Ensure future compliance
Upgrading to the most efficient motor technology available will help ensure future compliance.
Global electricity consumption could also be cut by as much as 10% through the adoption of highly energy efficient IE5 motor technology, especially when replacing obsolete equipment. Changing only one motor can make a difference.
Regulations are in place to help drive industry to update the installed base, however, these regulations typically specify the minimum acceptable energy efficiency standards. In fact, the latest available motor technology is already significantly more efficient than regulations require. For example, in the US, NEMA actively supports adoption of Premium Efficiency motors (equivalent to IE3) to improve efficiency throughout the market. However, ABB’s EC Titanium technology delivers ultra-premium efficiency (equivalent to IE5), which is considerably more efficient than the minimum requirements, and it delivers 40% lower losses than Premium Efficiency motors.
EC Titanium motors are a highly efficient integrated motor drive that combines synchronous reluctance and permanent magnet technologies for a sustainable, wirelessly connected solution that improves the bottom line. Based on permanent magnet rotor technology, EC Titanium achieves ultra-premium, IE5 efficiency and maintains performance across varying speeds as well as full and part load conditions. This enables equipment to achieve optimal performance no matter the operating point.
This means that VSD-motor packages like the EC Titanium can be configured to the optimum settings for each individual application and deliver improved overall system performance and efficiency. This makes a significant difference for most HVAC applications, for example, where systems operate at 80% load or less, for more than 99% of the time.

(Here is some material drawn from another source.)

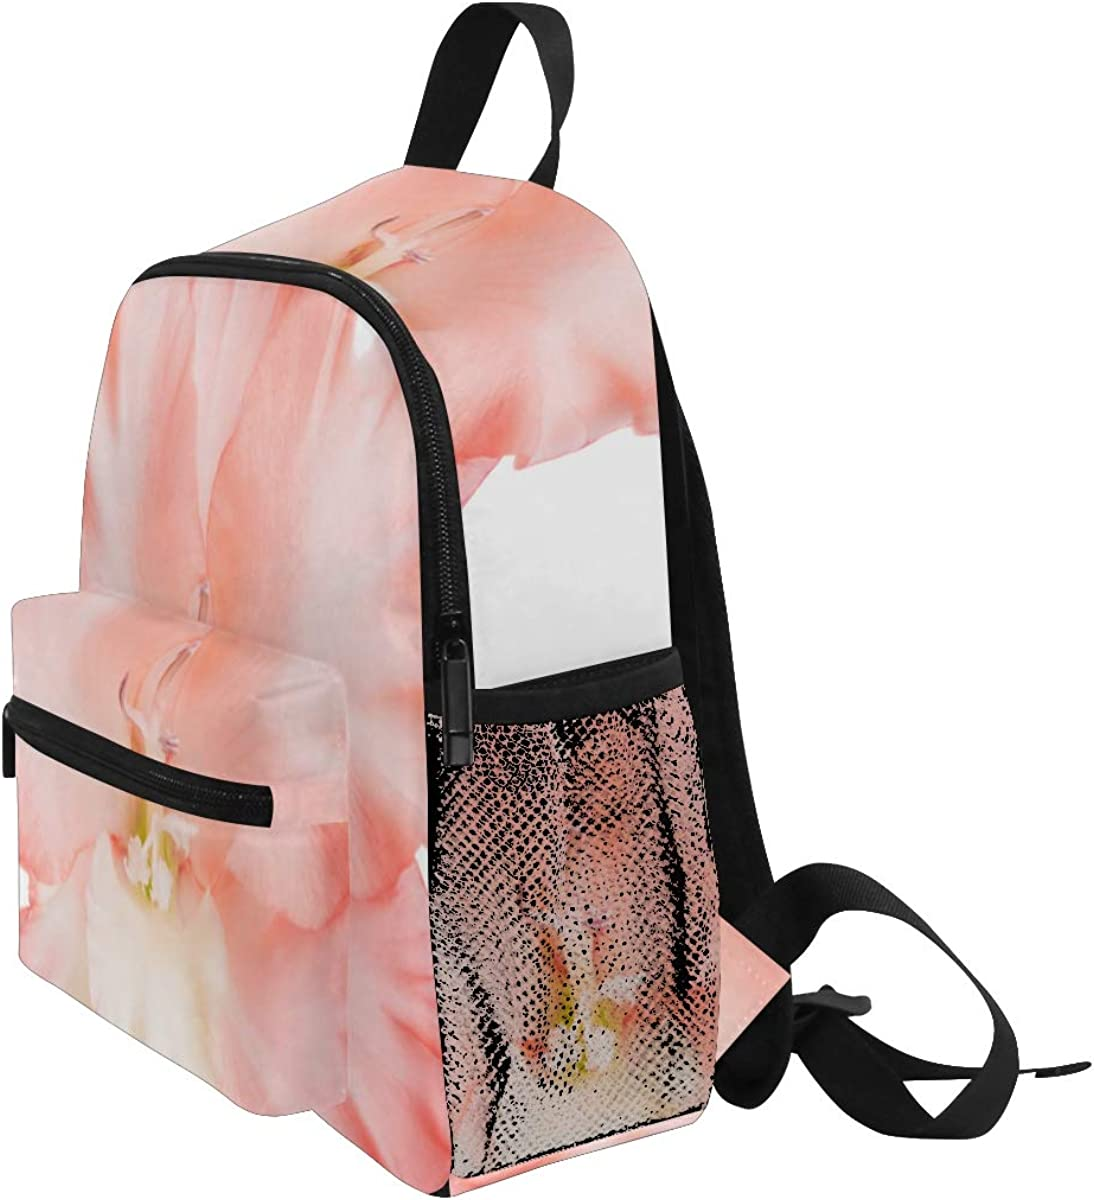 Backpack Cute Kids Backpack Gladiolus Flowers Isolated On White Children Bag Toddler Backpack Bookbag School Bag

At full load, the incremental energy savings are around 4%, while at partial load the savings are much greater, at around 12.5%.

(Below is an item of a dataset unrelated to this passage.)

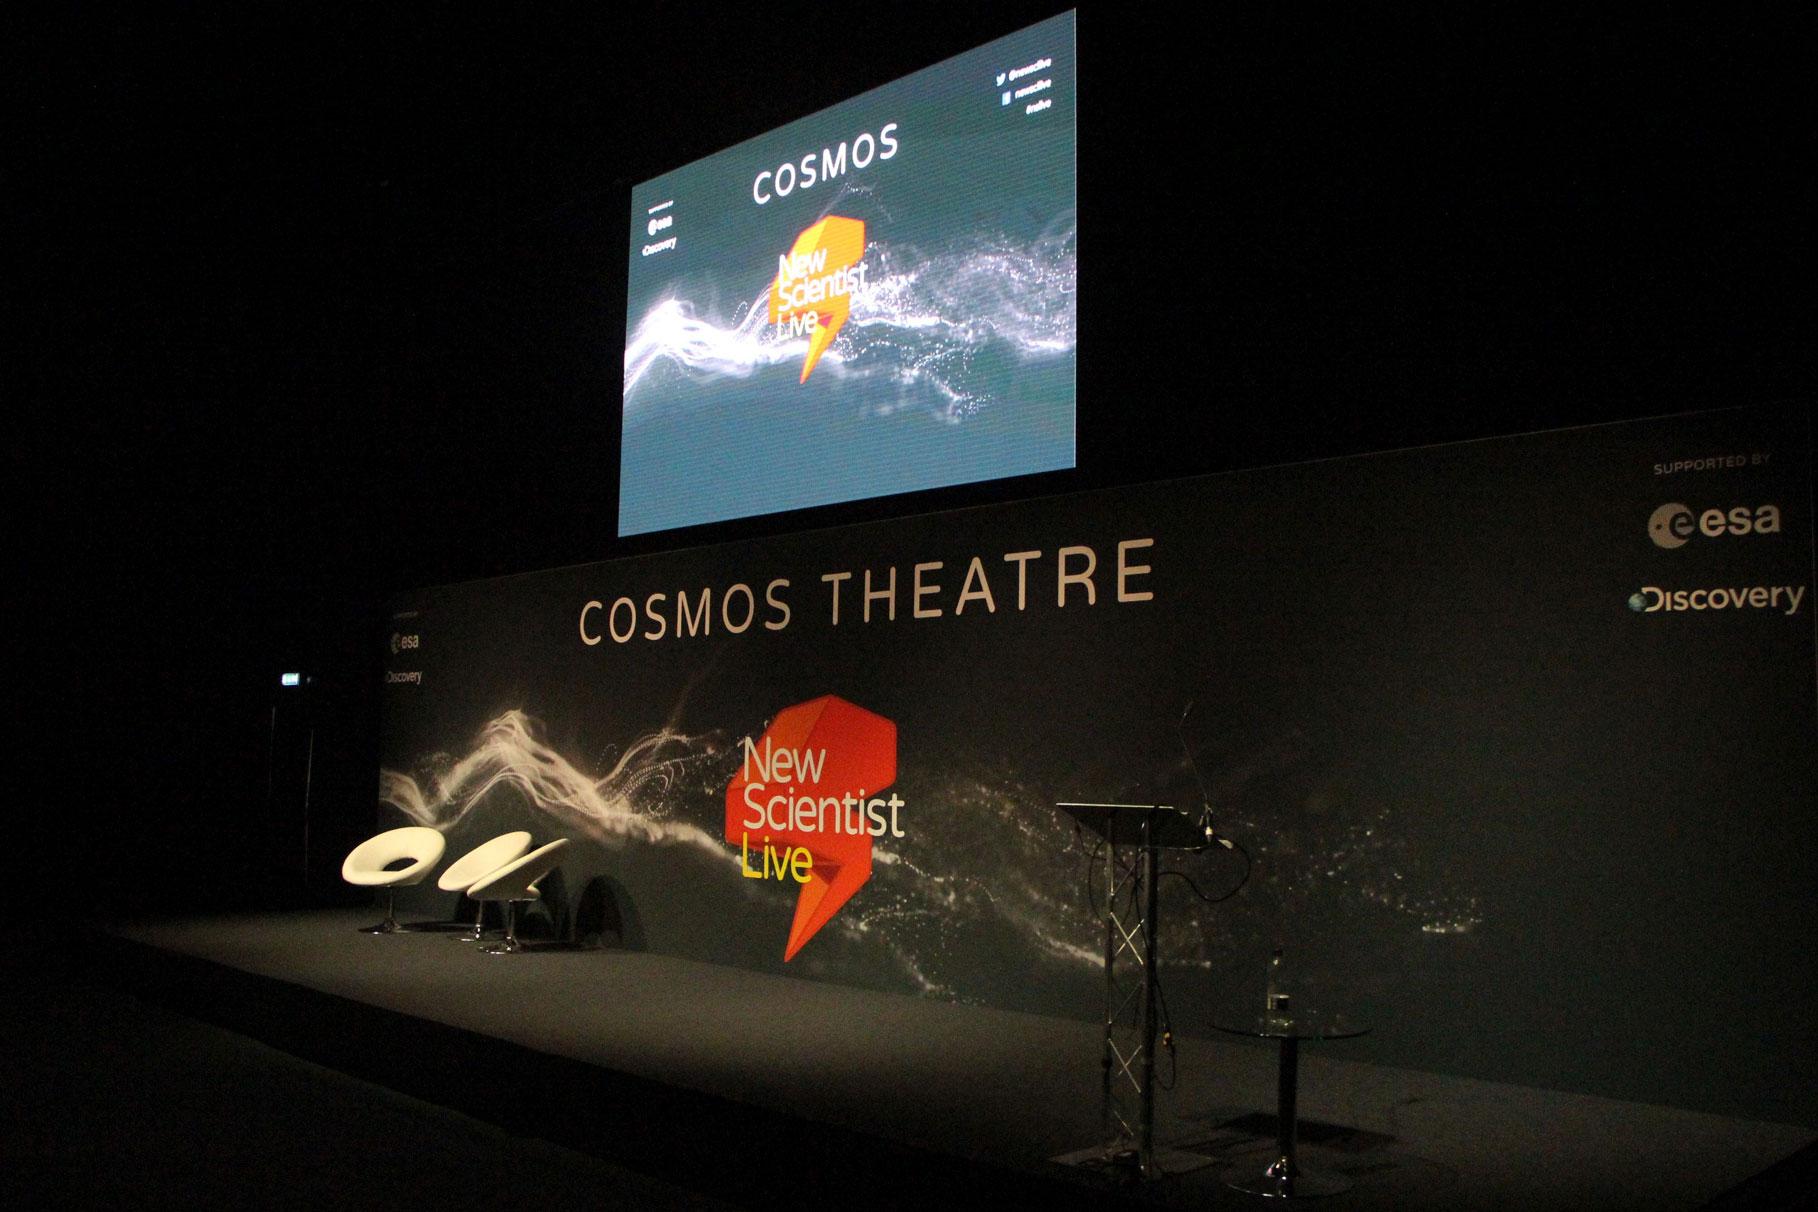 OneBigStar New Scientist Live Cosmos Theatre Exhibition Features & Theatres

Since energy efficiency regulations are likely to get tighter all over the world in the coming years, it makes sense to upgrade motors to more than the minimum standards in advance. This will enable easier compliance, as well as bringing clear energy and cost savings.
Benefit from overall lifetime savings
Upgrading technology now will pay back in savings for the rest of the application lifecycle.
Although many older motors are still in good working order, they are built to meet older, outdated efficiency standards. This means that the whole system is running at a lower than optimum efficiency level, which will continue to add unnecessary costs throughout the lifetime of the application. As a result, it is well worthwhile updating a working motor to improve system efficiency before the end of its working life. The long-term savings far outweigh the initial costs and, in fact, the initial investment can often be paid back in as little as one to three years.